# [EXERCISE]
Would you copy the lines below exactly and omit the images?

# [RECORD EXTRACTS]
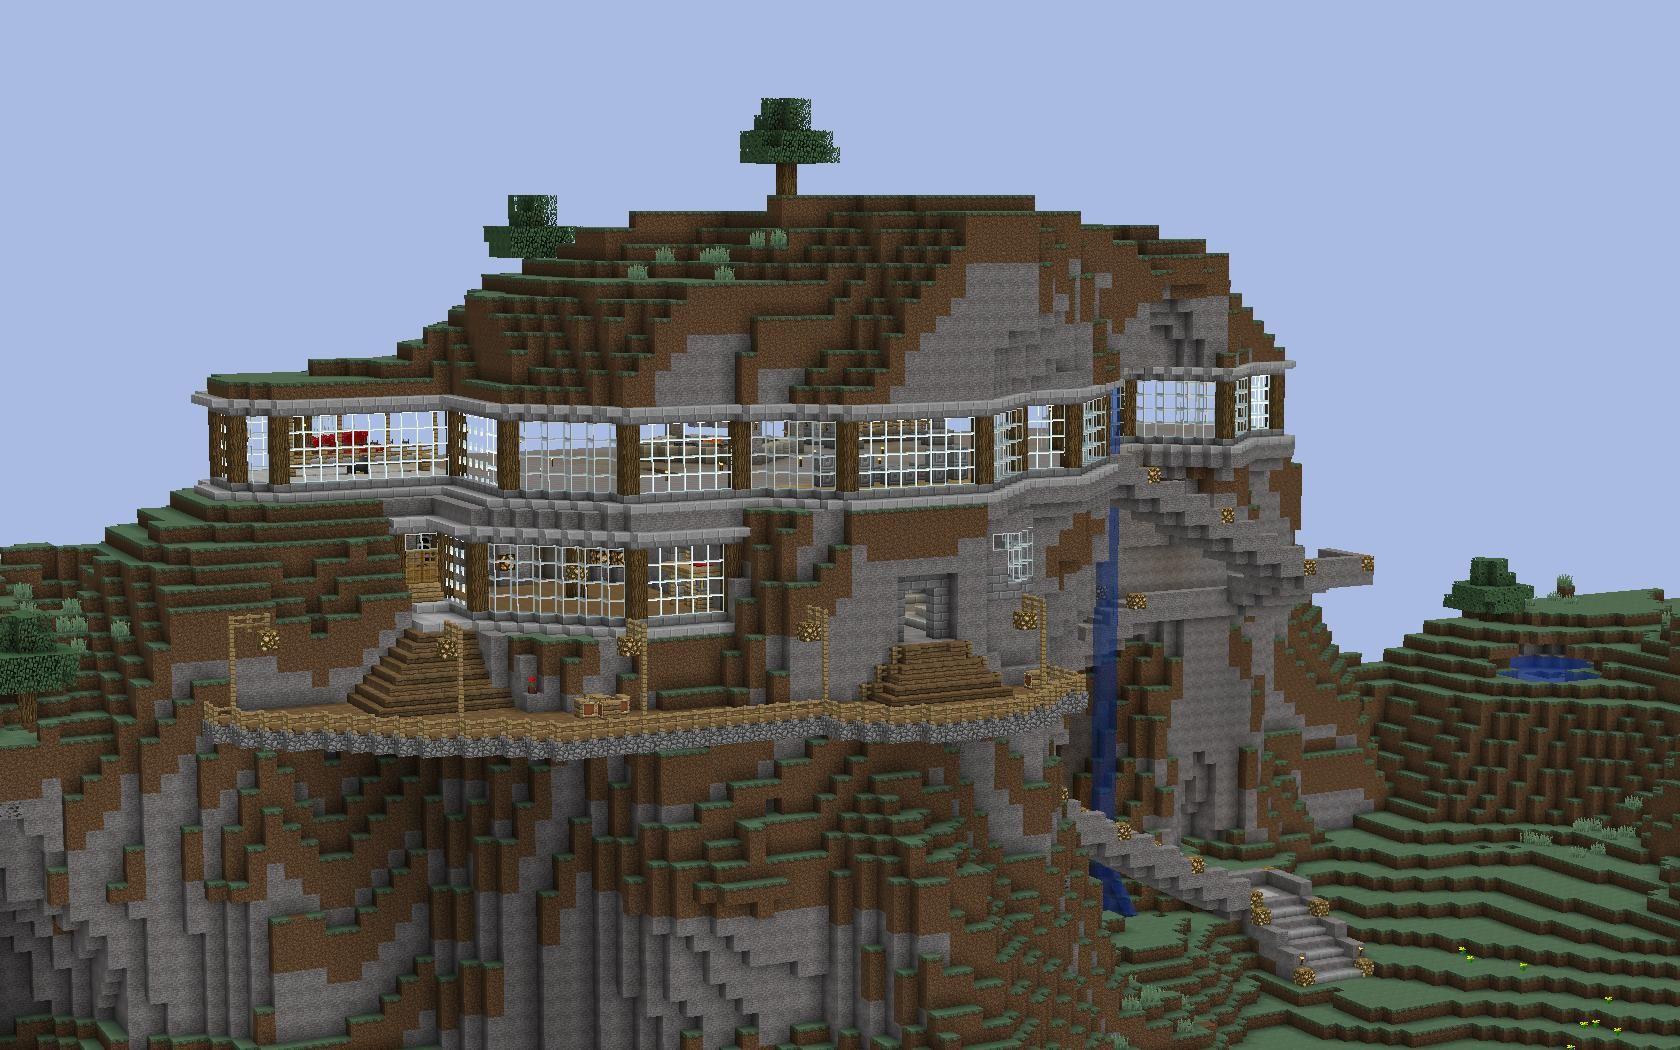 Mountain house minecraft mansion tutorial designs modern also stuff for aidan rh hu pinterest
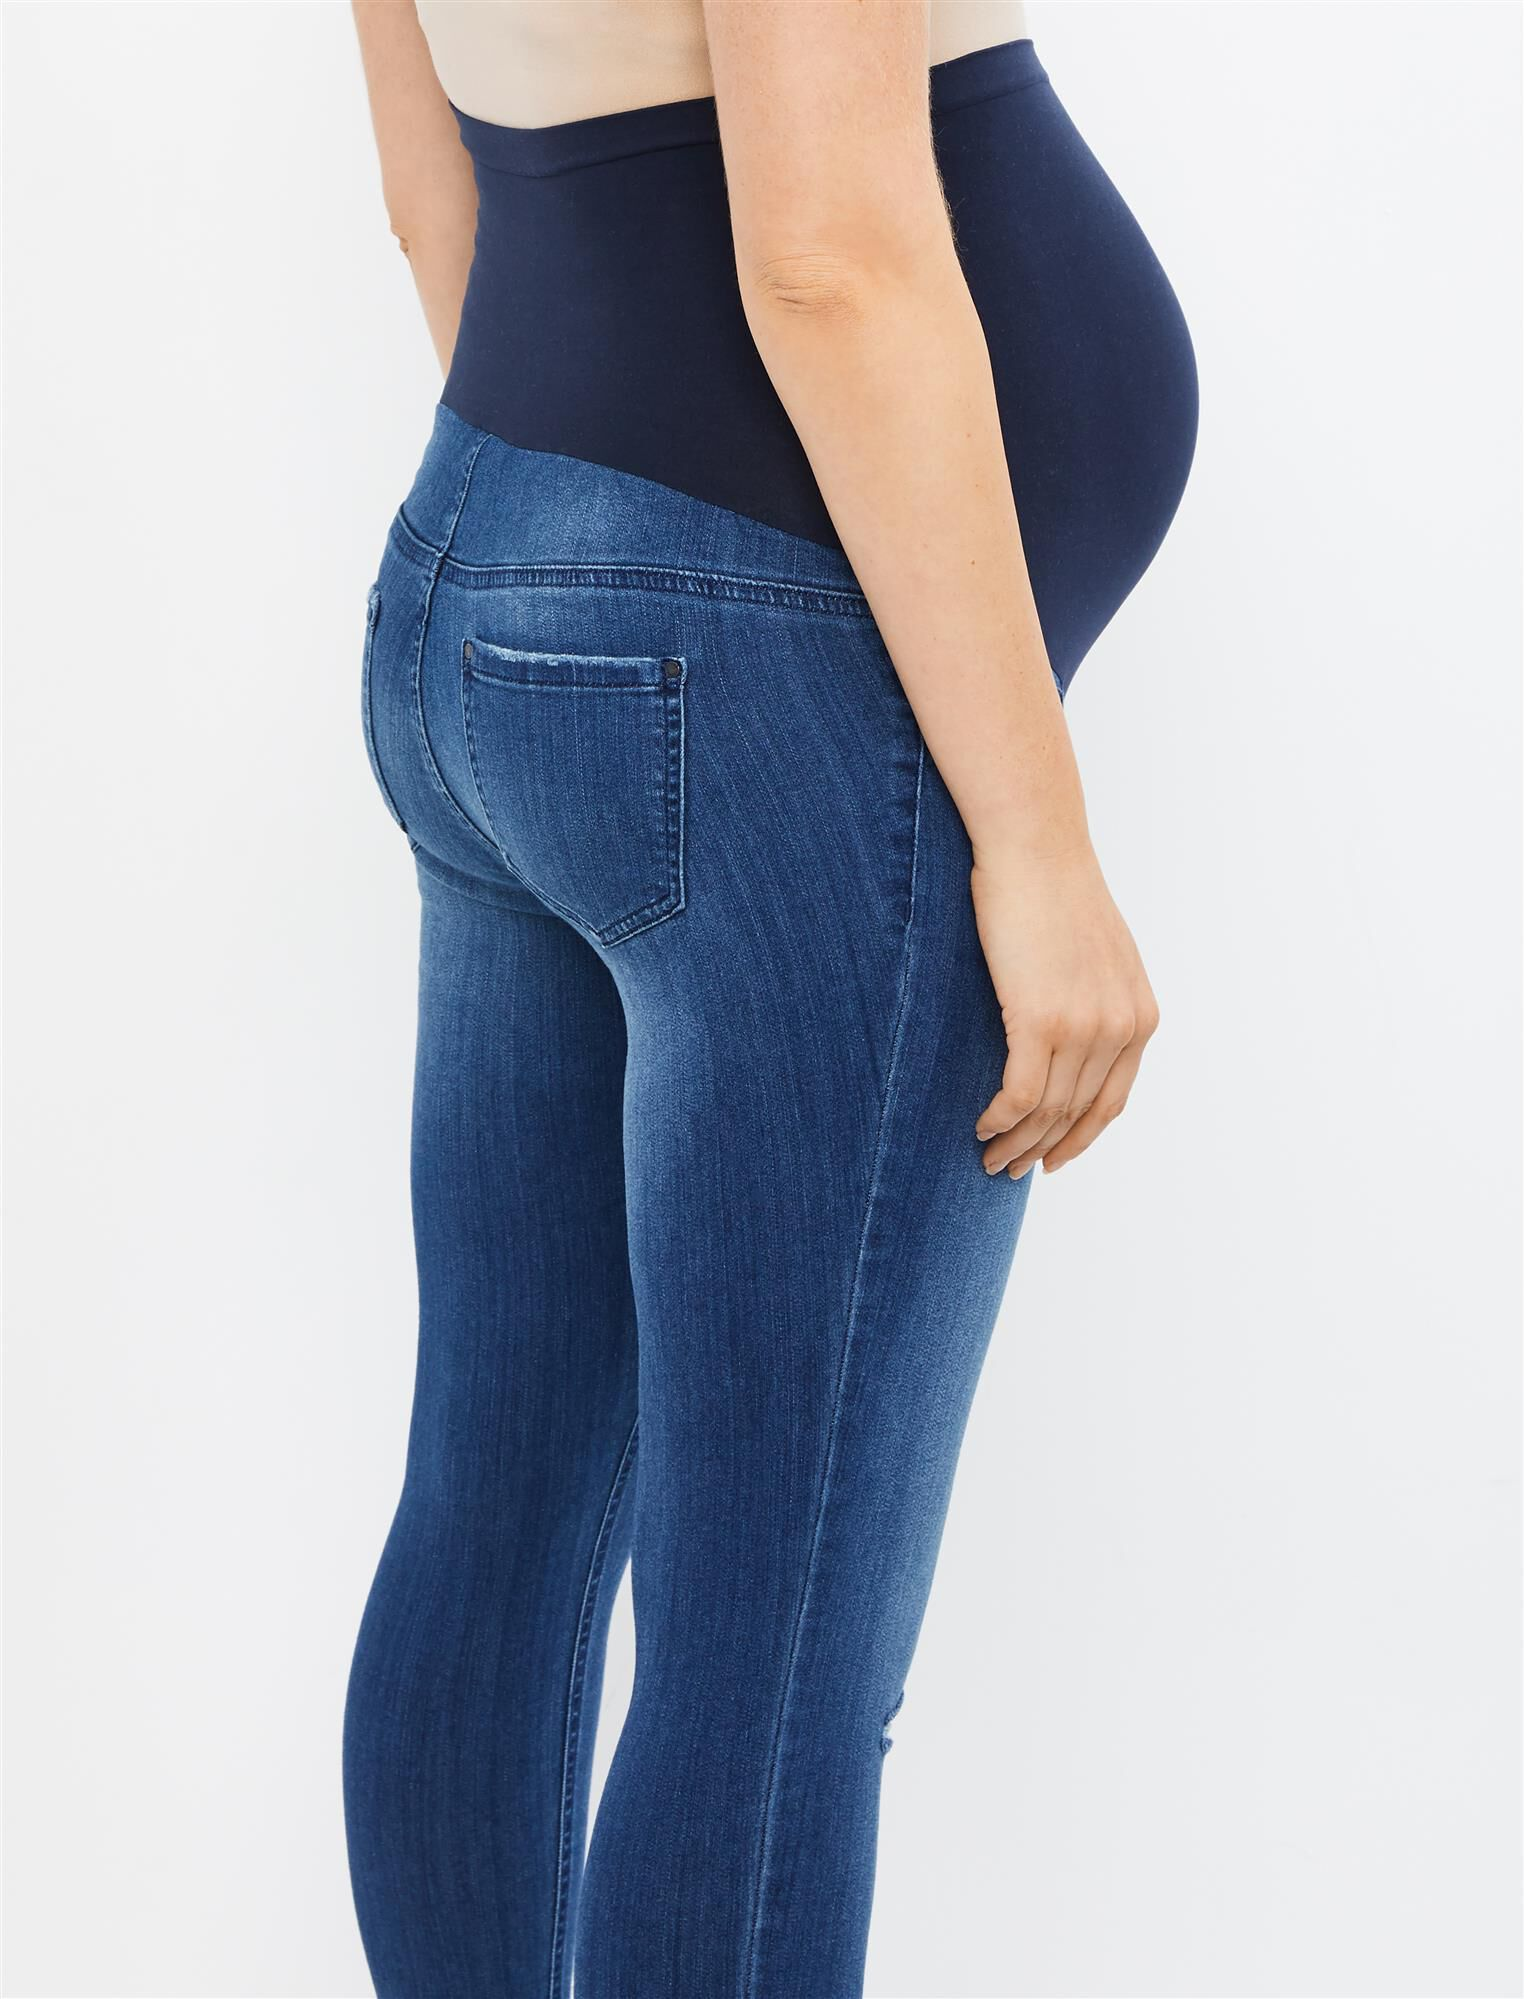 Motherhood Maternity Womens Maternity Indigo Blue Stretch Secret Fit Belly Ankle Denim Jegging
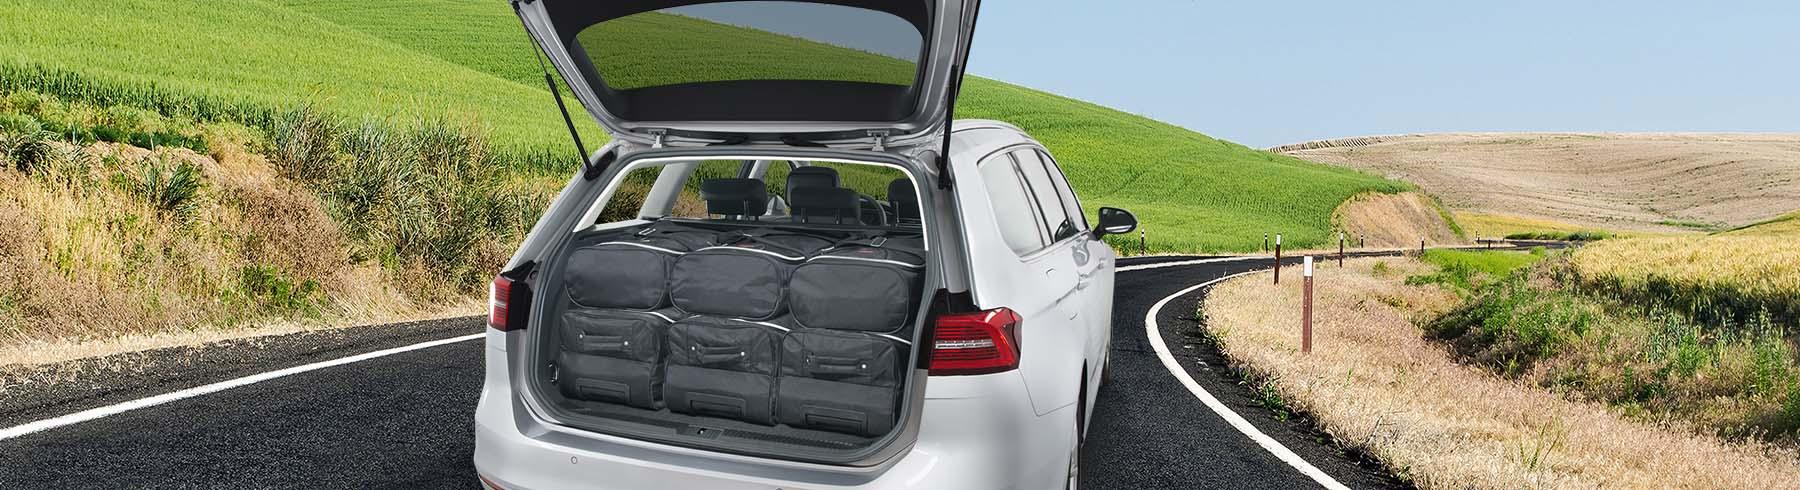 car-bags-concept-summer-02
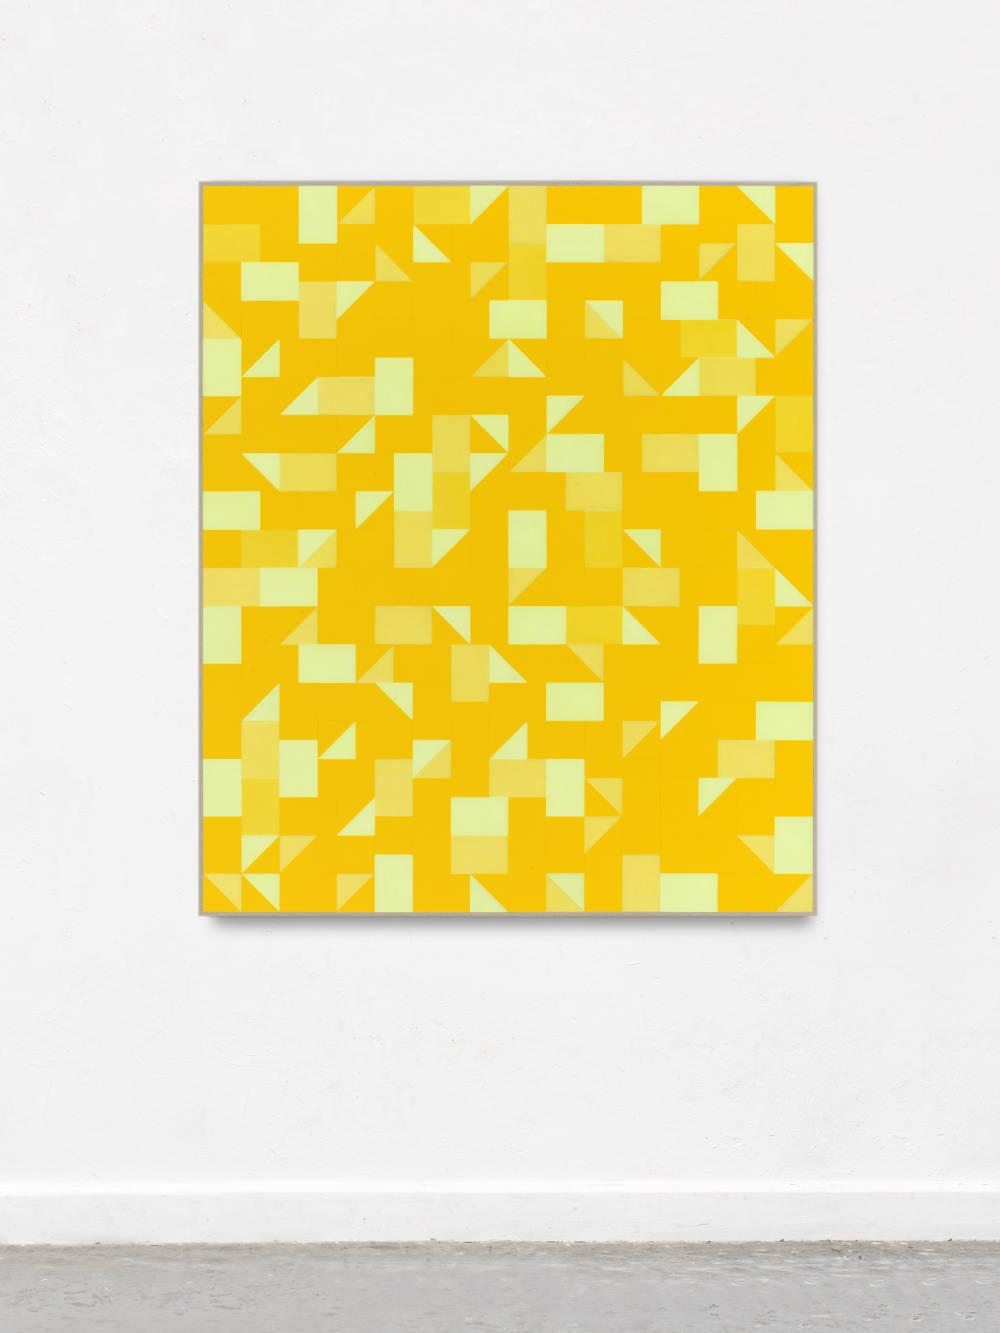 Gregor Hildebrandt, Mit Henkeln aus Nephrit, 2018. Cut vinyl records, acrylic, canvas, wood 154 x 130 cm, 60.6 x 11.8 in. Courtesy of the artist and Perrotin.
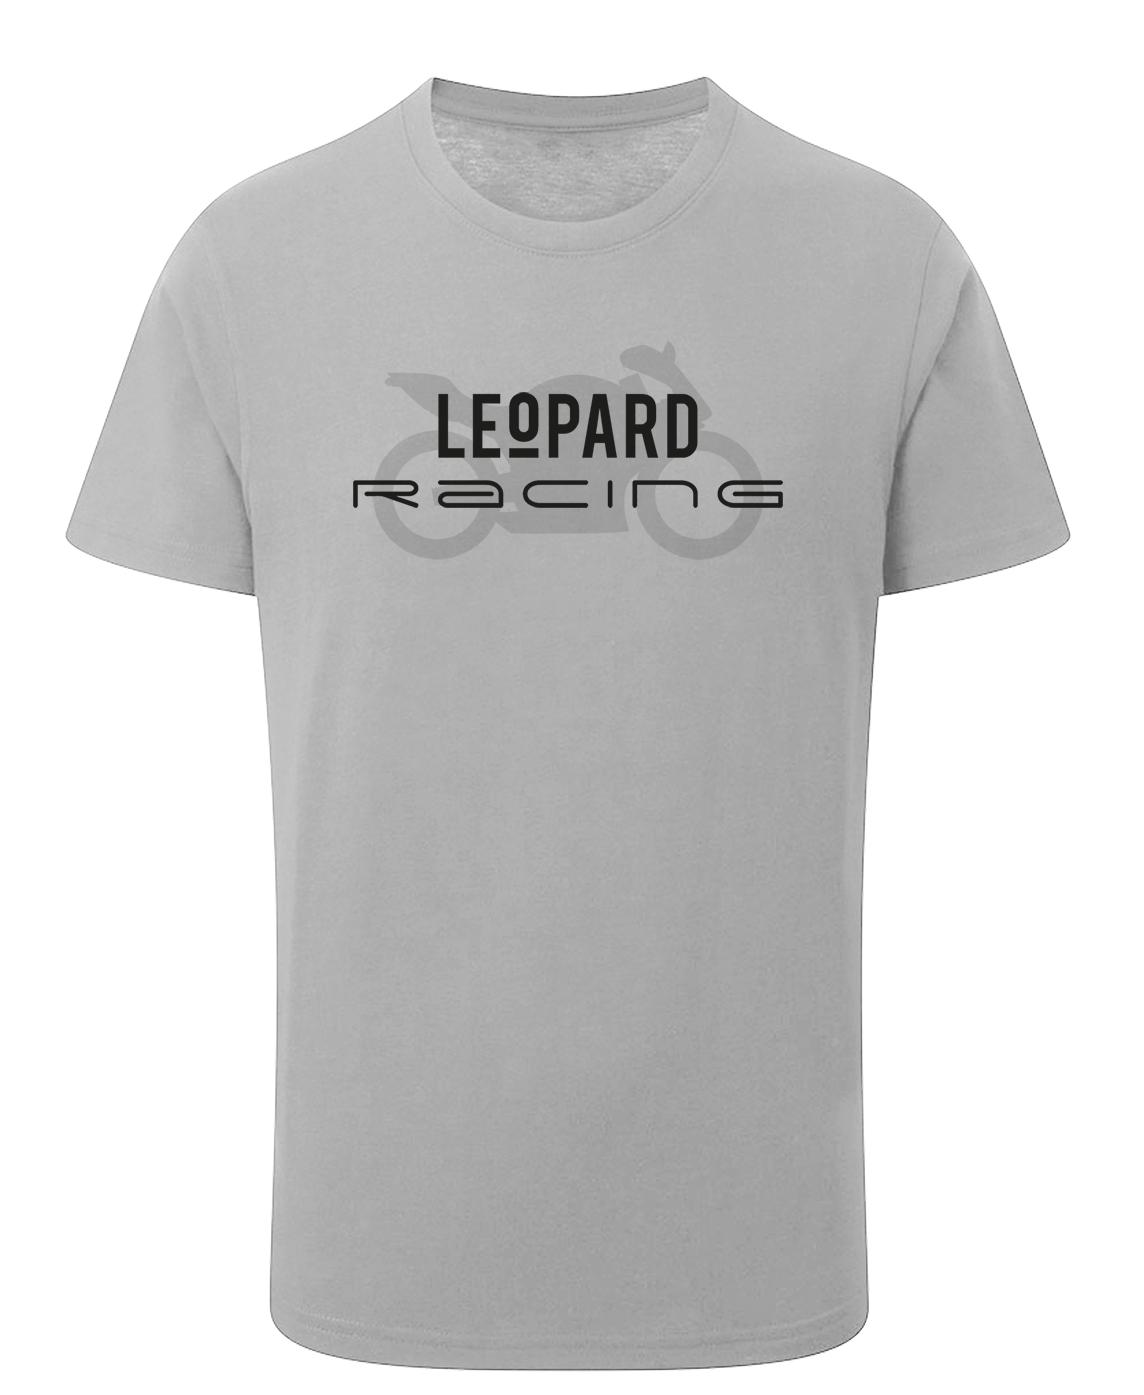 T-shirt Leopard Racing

# [OUTPUT BELOW]
 Mountain house minecraft mansion tutorial designs modern also stuff for aidan rh hu pinterest
 Motherhood Maternity Womens Maternity Indigo Blue Stretch Secret Fit Belly Ankle Denim Jegging
 car-bags-concept-summer-02
 Gregor Hildebrandt, Mit Henkeln aus Nephrit, 2018. Cut vinyl records, acrylic, canvas, wood 154 x 130 cm, 60.6 x 11.8 in. Courtesy of the artist and Perrotin.
 T-shirt Leopard Racing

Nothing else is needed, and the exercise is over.